Dataset records:
····················

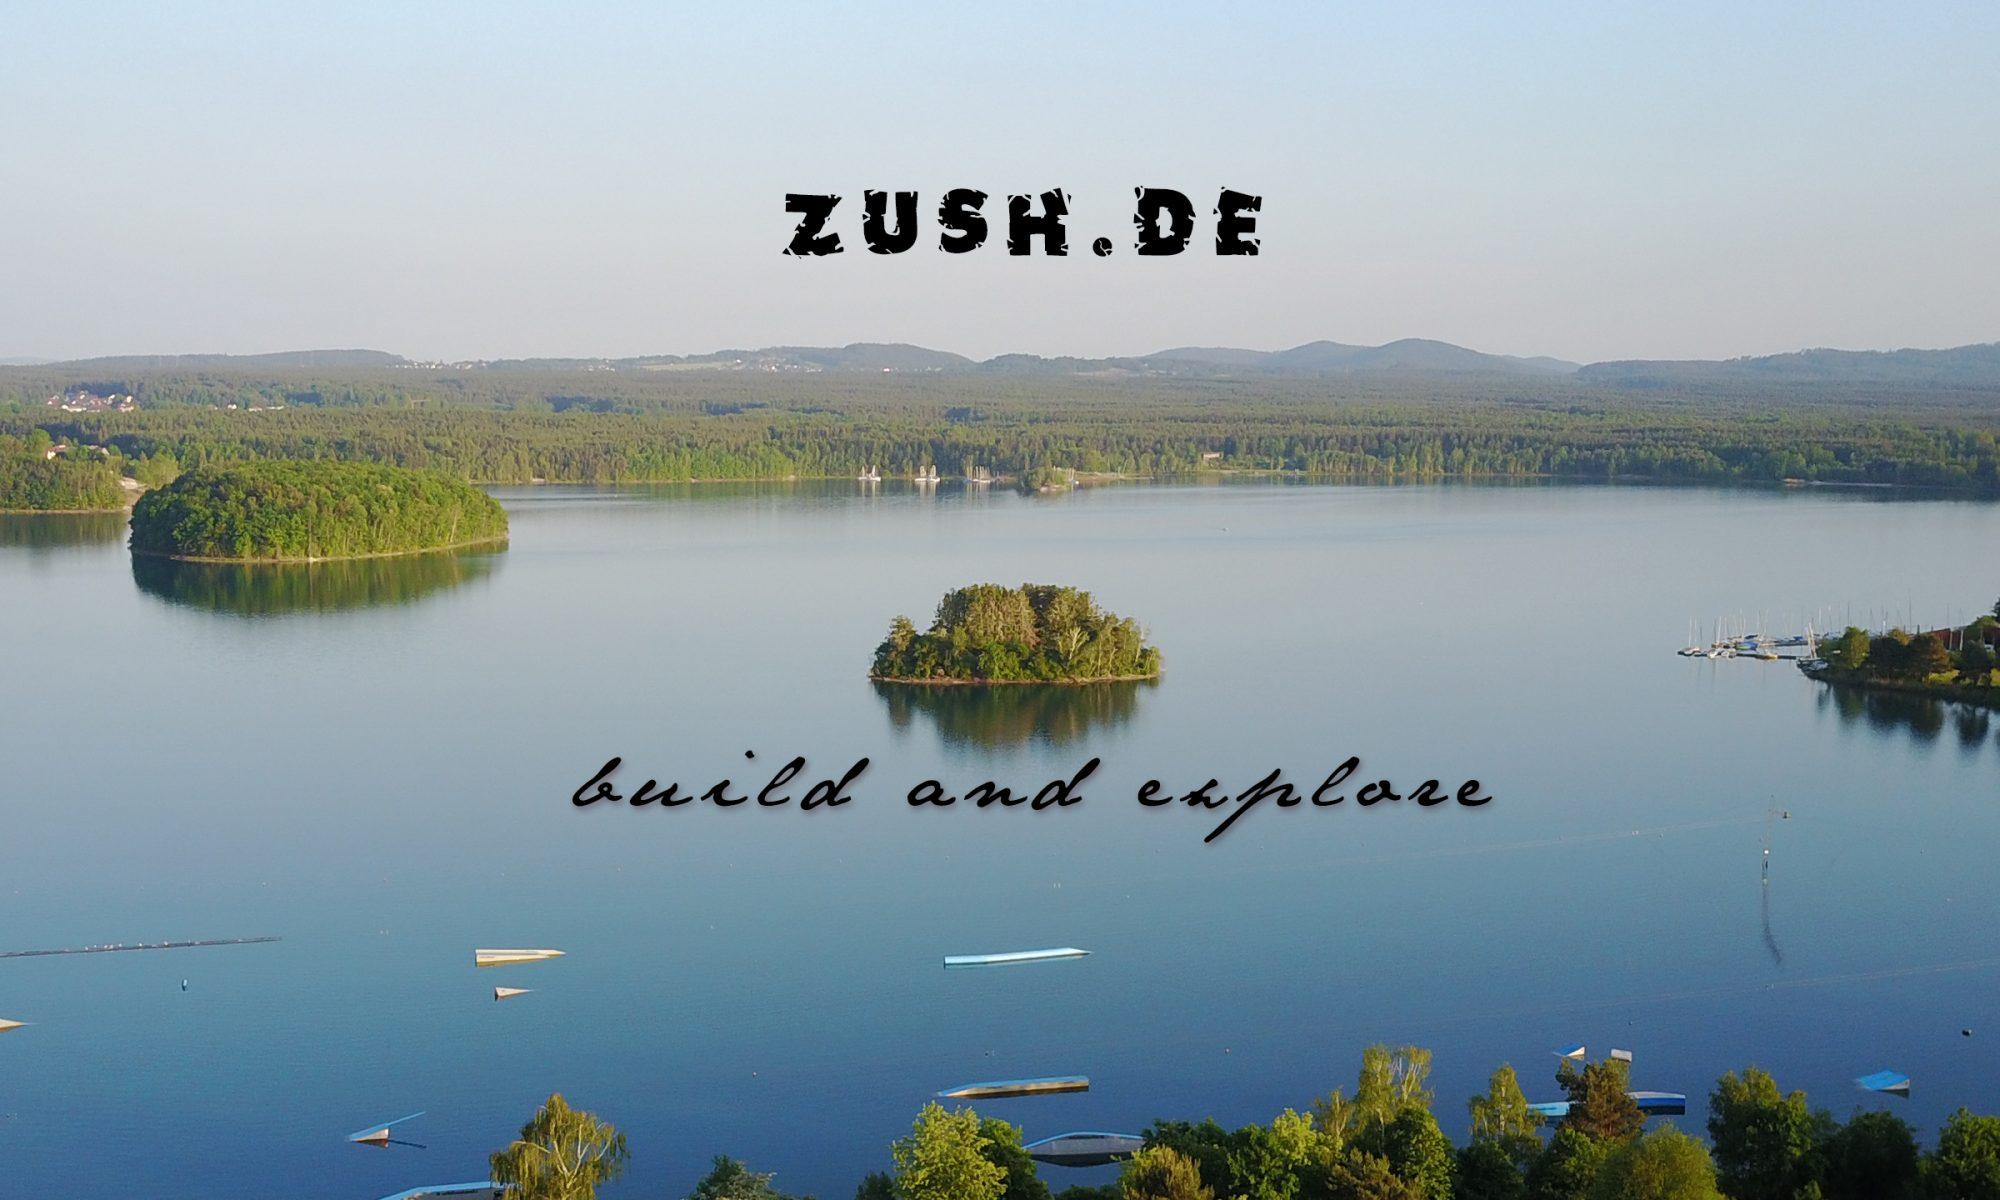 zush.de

····················

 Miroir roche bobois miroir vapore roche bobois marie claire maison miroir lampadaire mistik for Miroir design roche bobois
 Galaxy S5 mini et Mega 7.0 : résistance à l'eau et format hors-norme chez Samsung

····················

Task requirements:
Your answer should consist solely of the lines above from the line with "Miroir roche bobois" to the line with "Galaxy S5 mini", both included, reproduced exactly.

Task solution:
 Miroir roche bobois miroir vapore roche bobois marie claire maison miroir lampadaire mistik for Miroir design roche bobois
 Galaxy S5 mini et Mega 7.0 : résistance à l'eau et format hors-norme chez Samsung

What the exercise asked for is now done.